(Exercise) Your answer should hold the data exactly as given, minus any picture.

(Records drawn from a dataset)

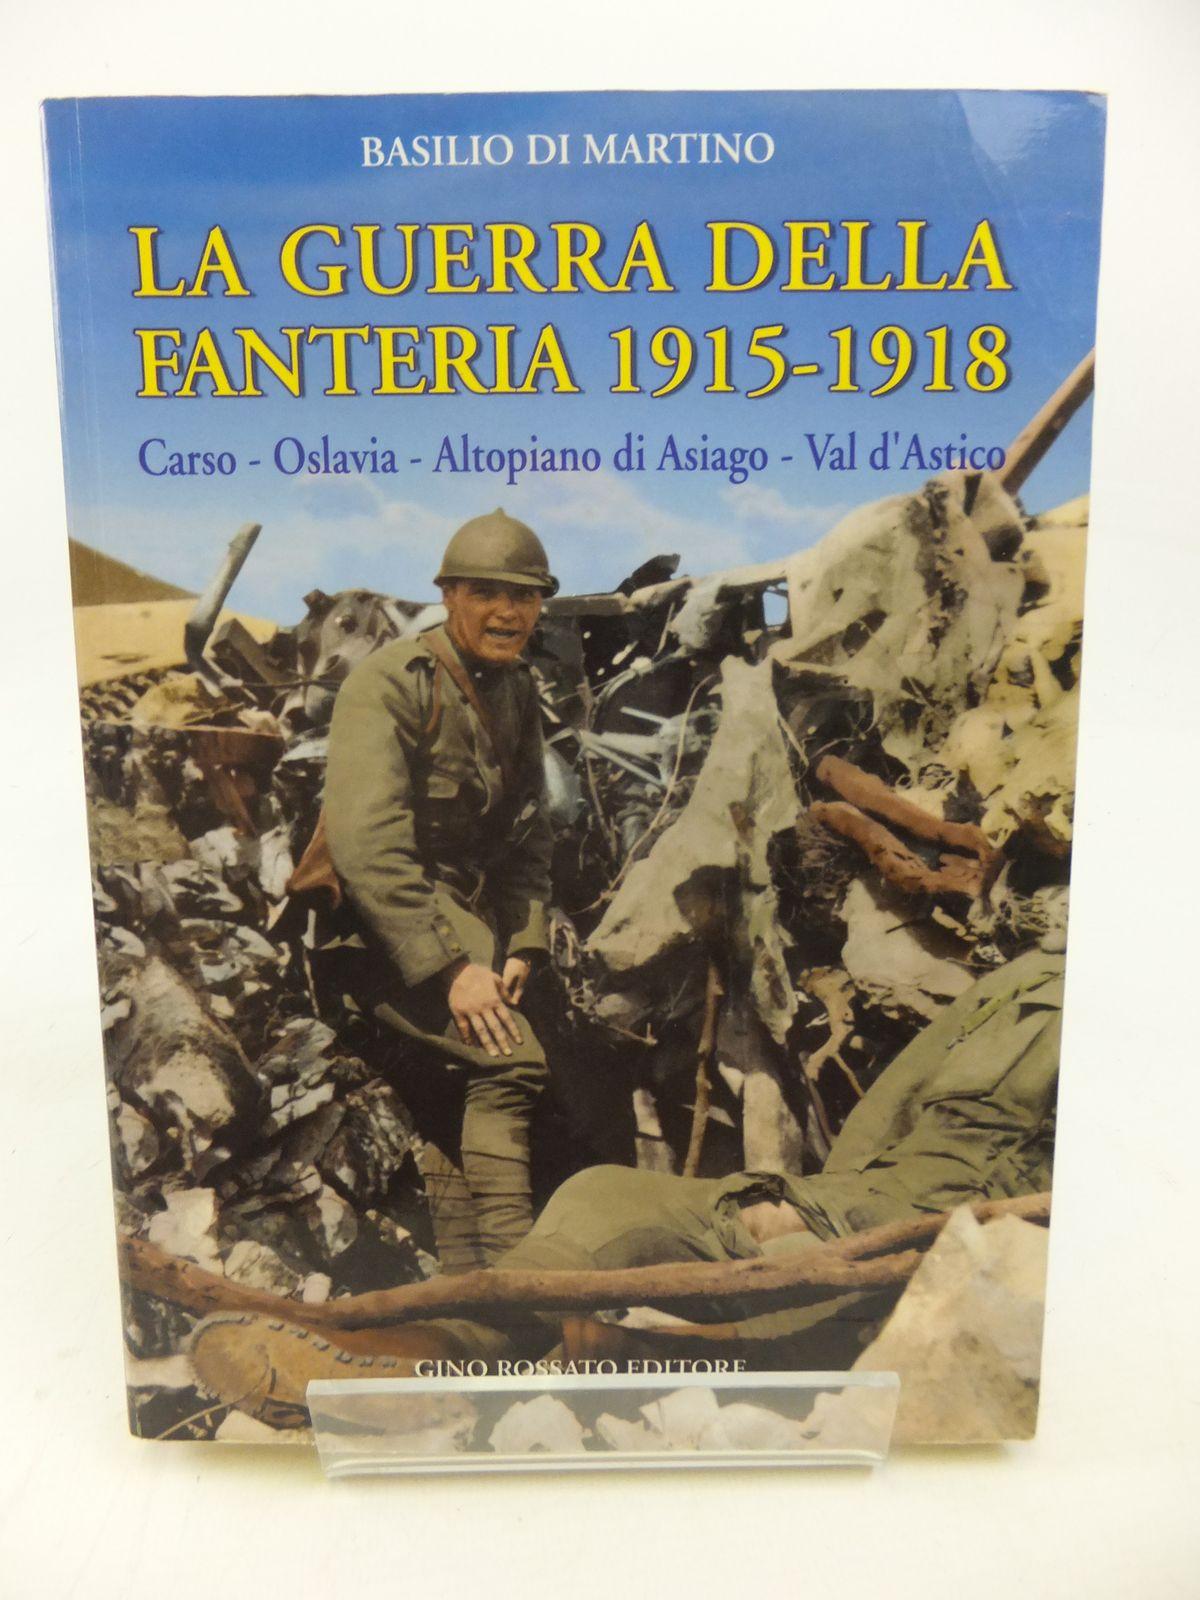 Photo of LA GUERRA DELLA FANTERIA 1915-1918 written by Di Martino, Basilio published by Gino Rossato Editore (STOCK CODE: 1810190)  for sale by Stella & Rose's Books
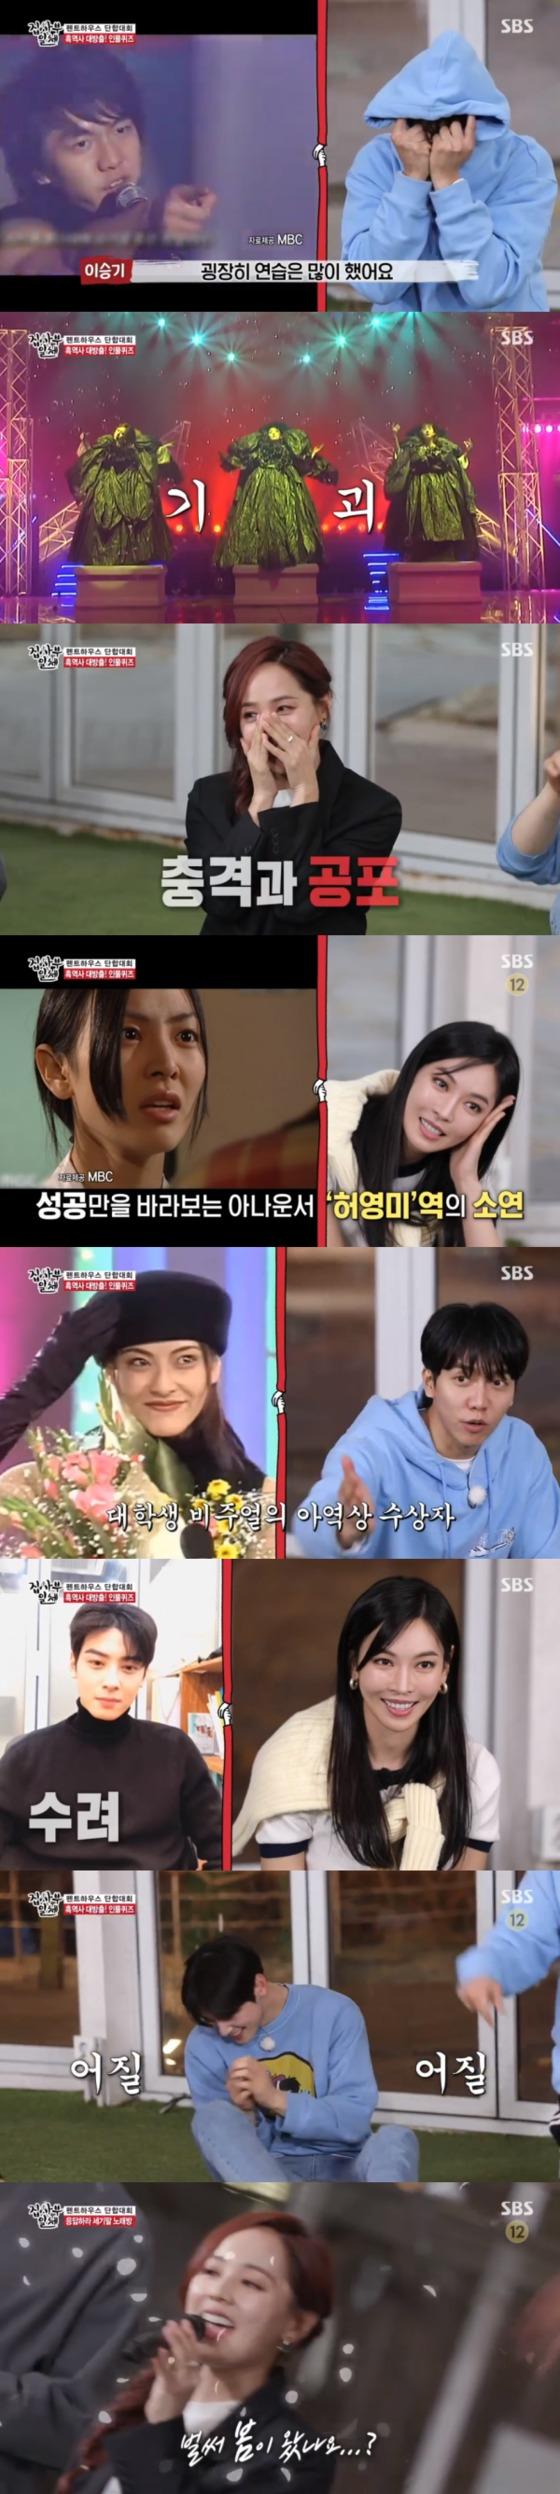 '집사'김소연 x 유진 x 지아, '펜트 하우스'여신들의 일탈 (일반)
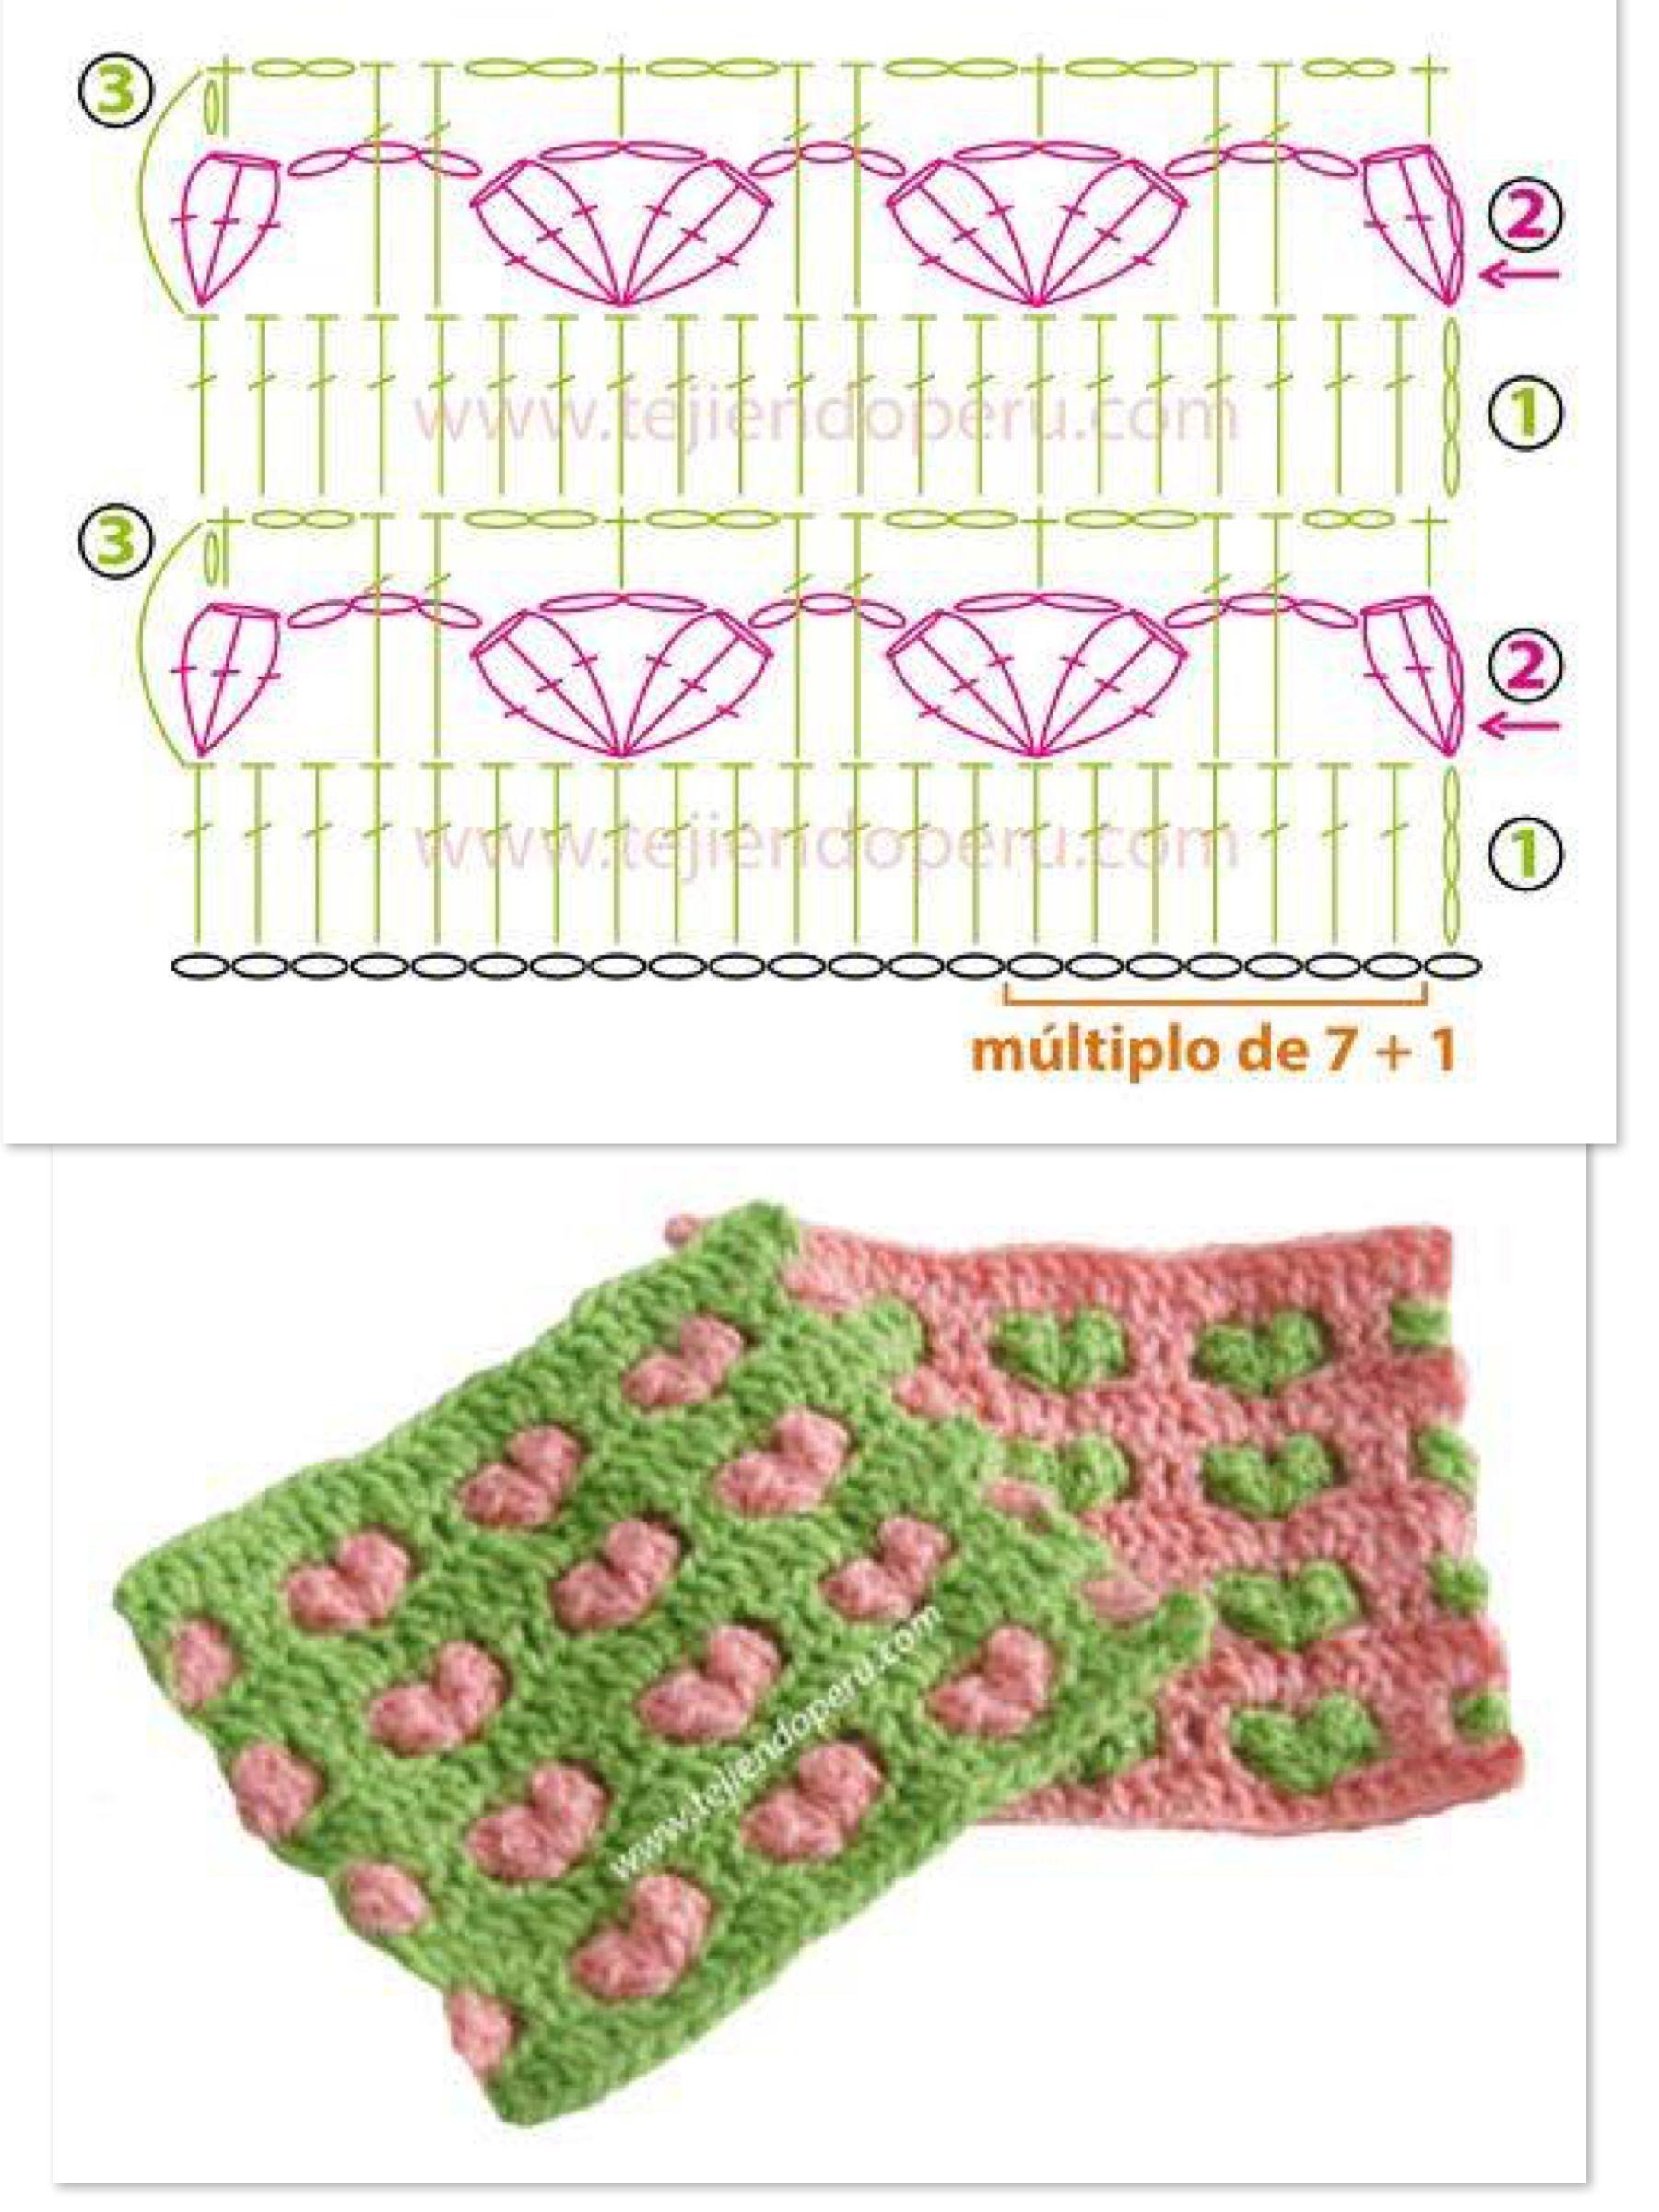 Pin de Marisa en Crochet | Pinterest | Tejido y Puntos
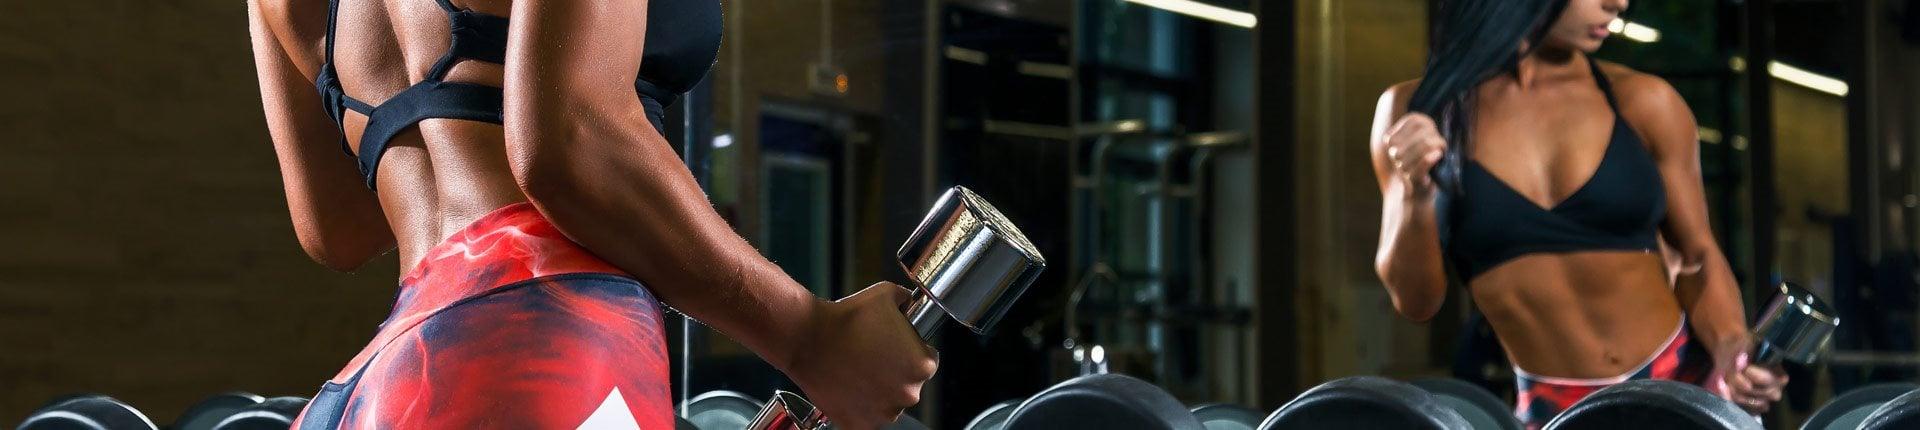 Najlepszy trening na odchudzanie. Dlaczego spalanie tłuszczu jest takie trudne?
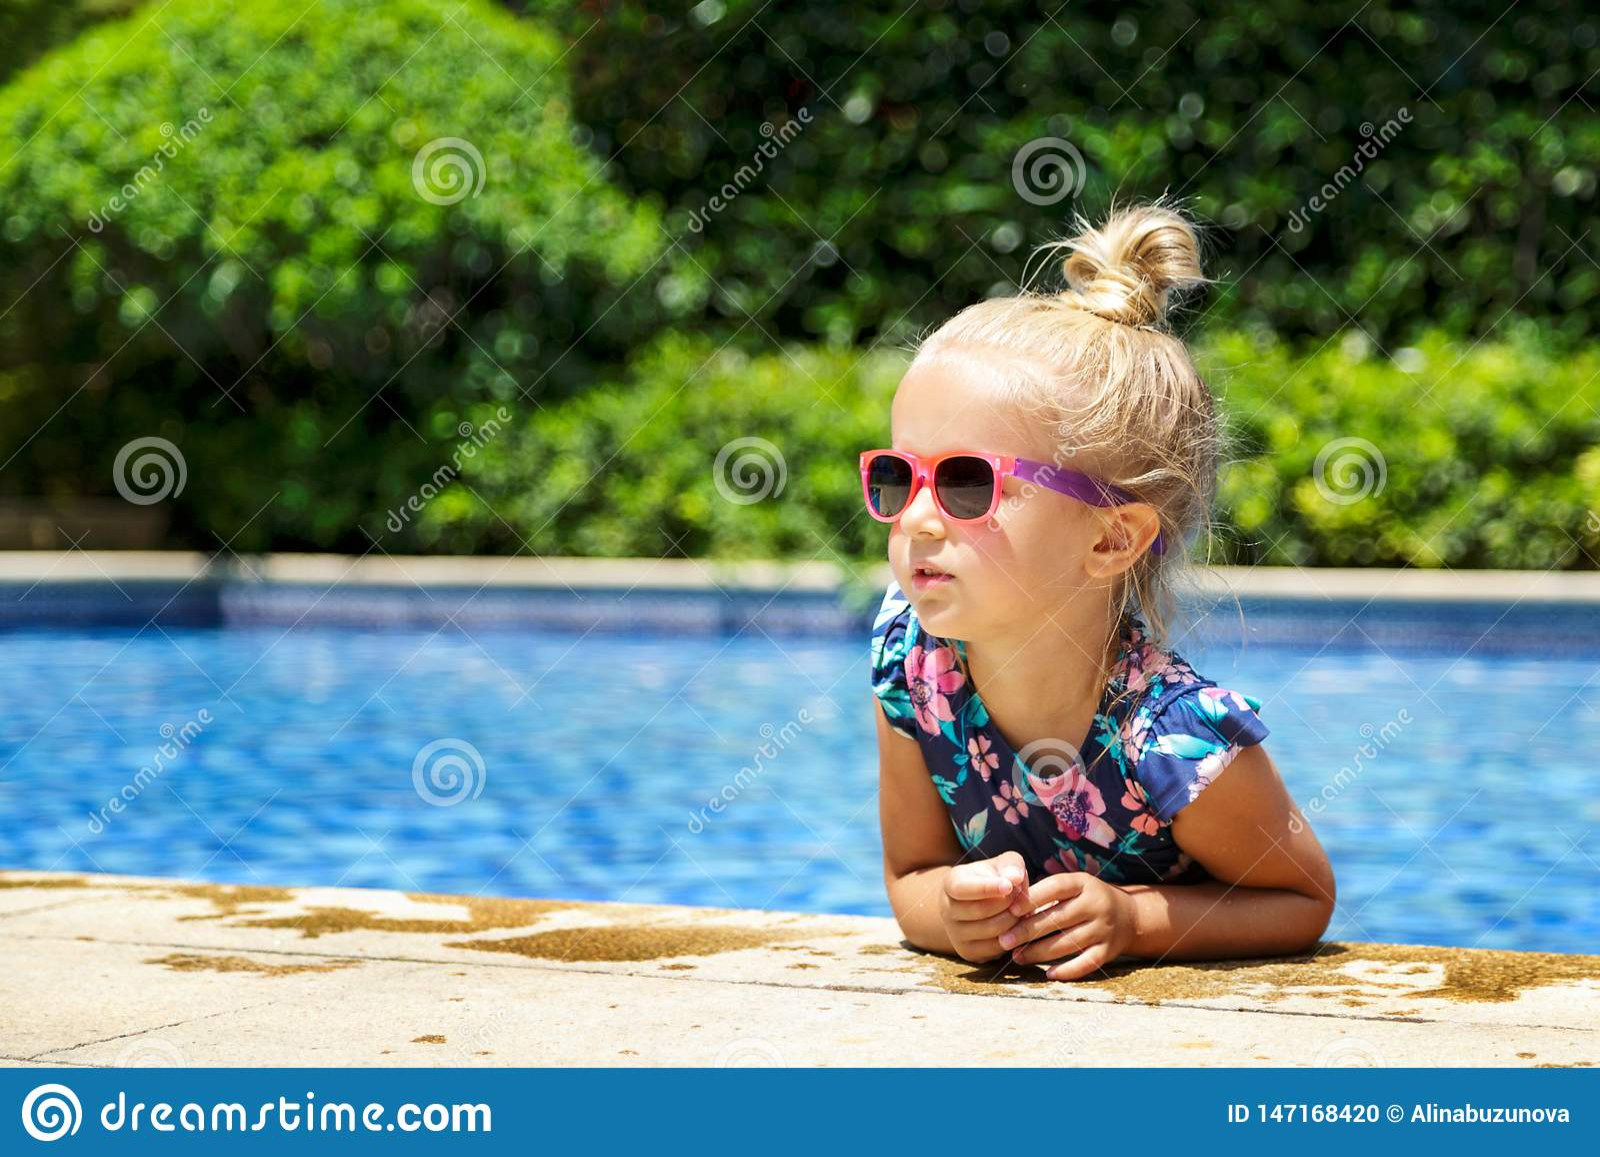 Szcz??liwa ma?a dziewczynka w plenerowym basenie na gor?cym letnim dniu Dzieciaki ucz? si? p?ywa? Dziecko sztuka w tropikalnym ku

(Solution to this problem)
 Photo of LA GUERRA DELLA FANTERIA 1915-1918 written by Di Martino, Basilio published by Gino Rossato Editore (STOCK CODE: 1810190)  for sale by Stella & Rose's Books
 '집사'김소연 x 유진 x 지아, '펜트 하우스'여신들의 일탈 (일반)
 Pin de Marisa en Crochet | Pinterest | Tejido y Puntos
 Najlepszy trening na odchudzanie. Dlaczego spalanie tłuszczu jest takie trudne?
 Szcz??liwa ma?a dziewczynka w plenerowym basenie na gor?cym letnim dniu Dzieciaki ucz? si? p?ywa? Dziecko sztuka w tropikalnym ku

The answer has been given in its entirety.